/---

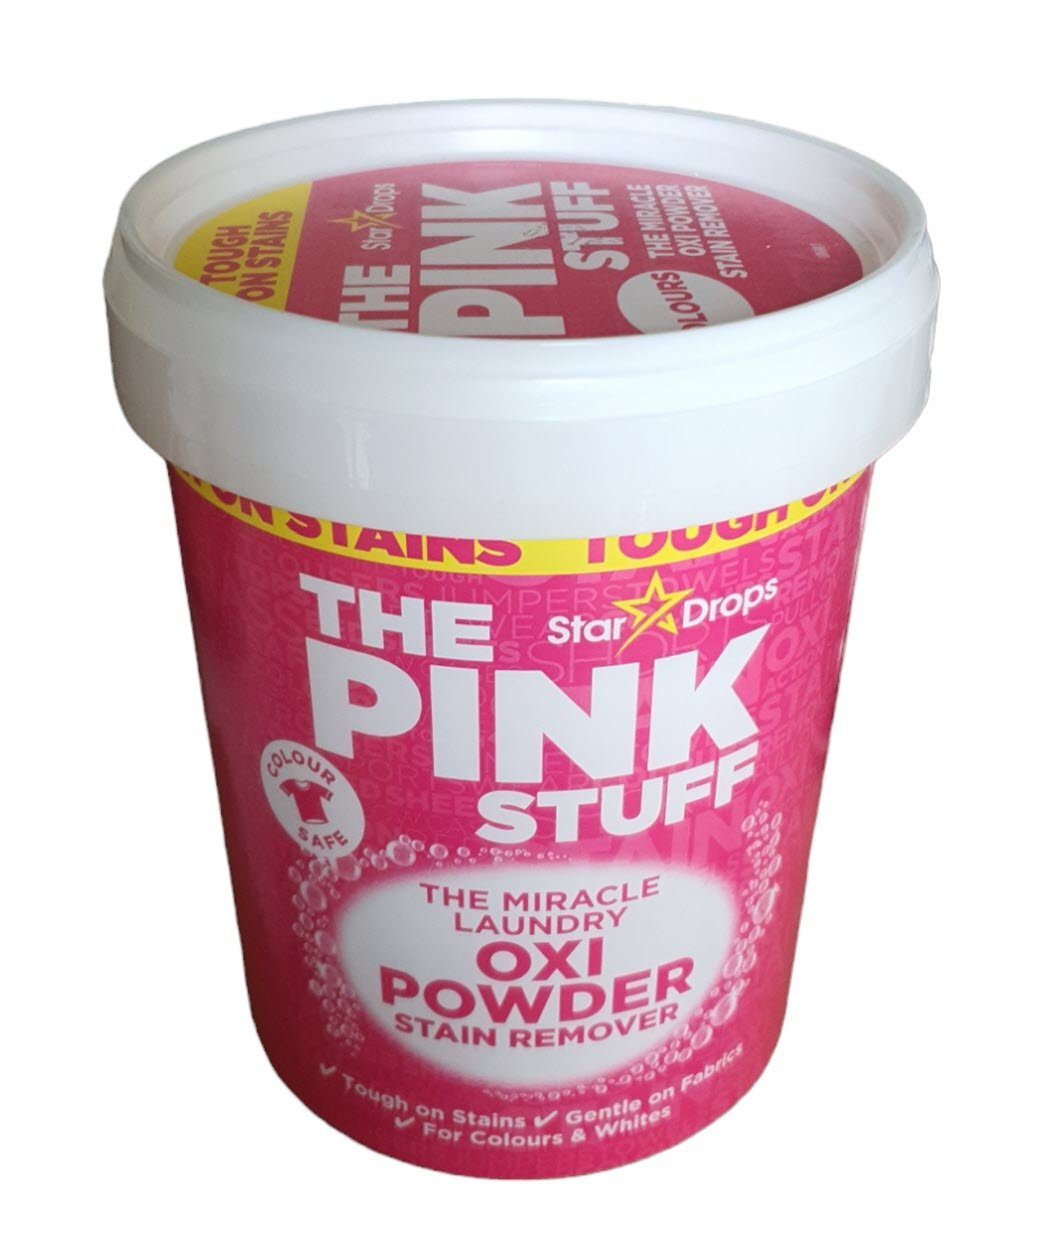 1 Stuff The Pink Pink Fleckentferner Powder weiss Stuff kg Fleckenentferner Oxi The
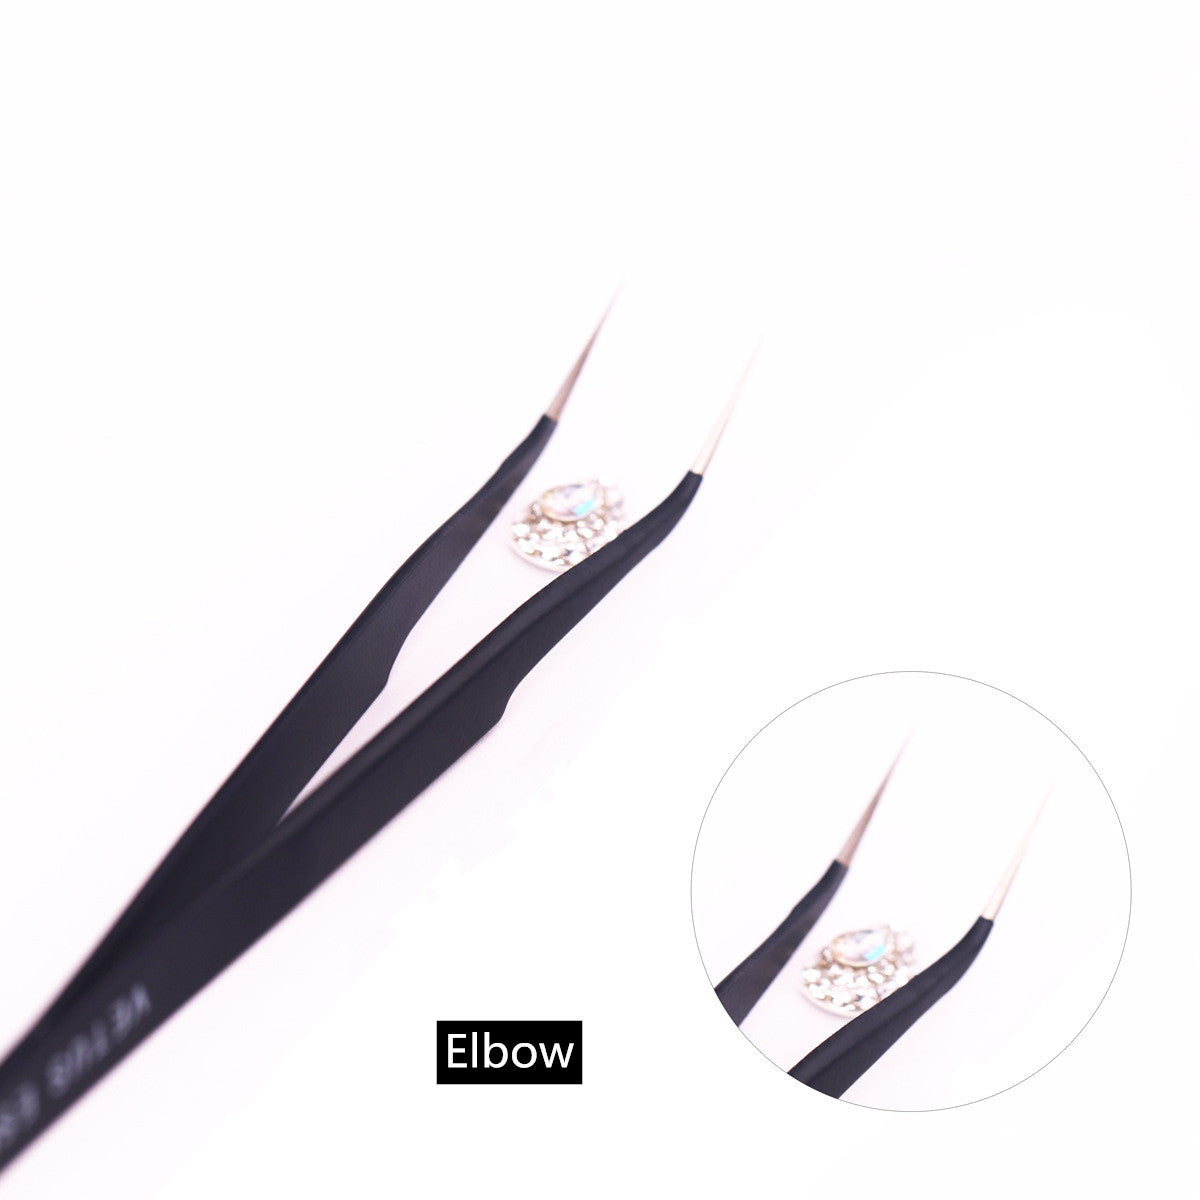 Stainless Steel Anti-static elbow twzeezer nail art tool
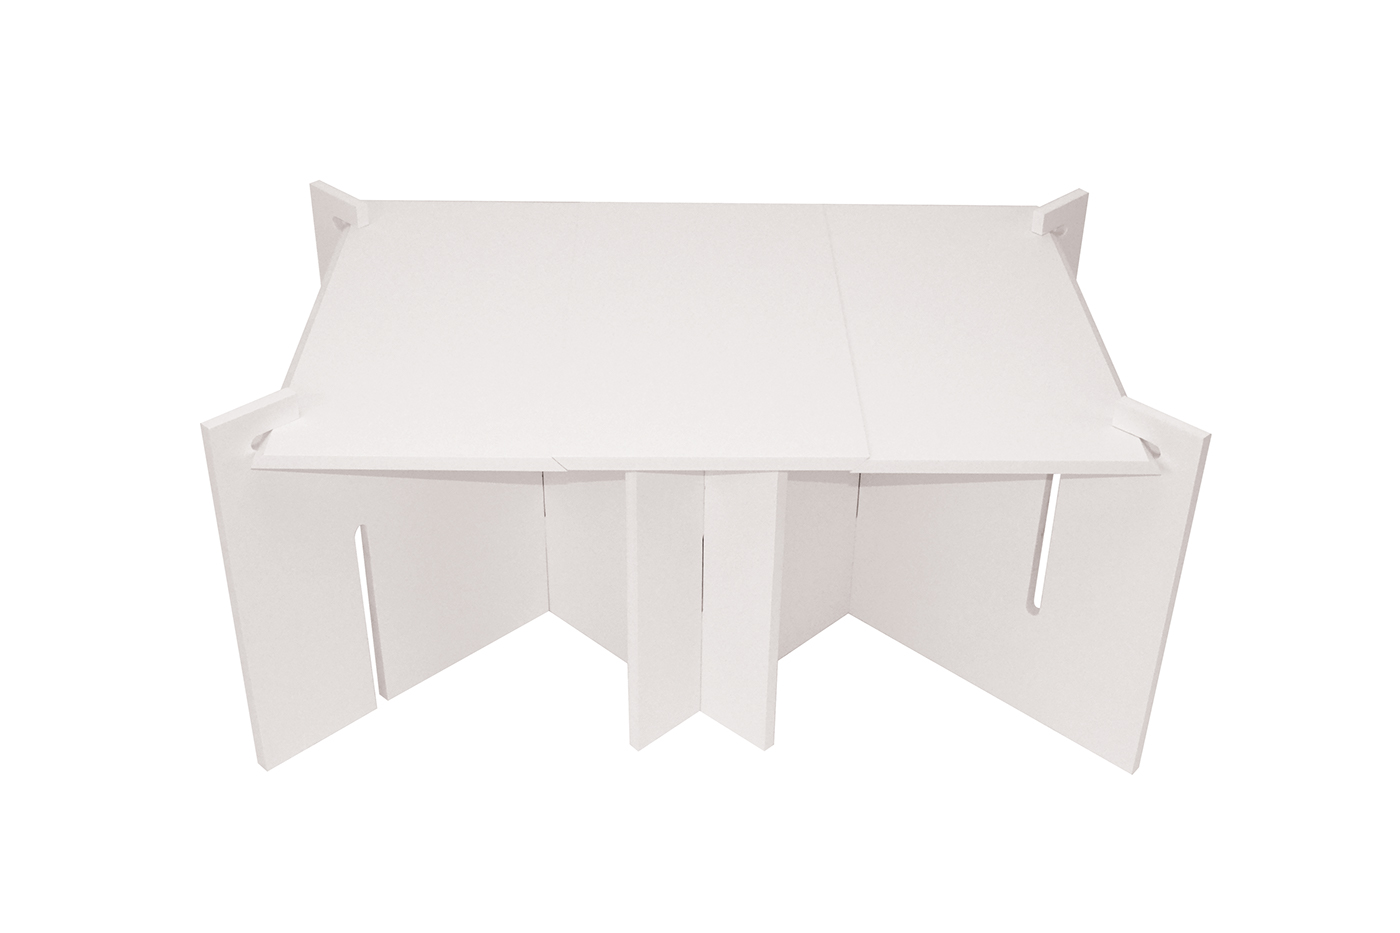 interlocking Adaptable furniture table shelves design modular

\---

ACTIVITY — Return the listing unchanged, but drop every picture.

RESPONSE —
 1 Stuff The Pink Pink Fleckentferner Powder weiss Stuff kg Fleckenentferner Oxi The
 Stainless Steel Anti-static elbow twzeezer nail art tool
 interlocking Adaptable furniture table shelves design modular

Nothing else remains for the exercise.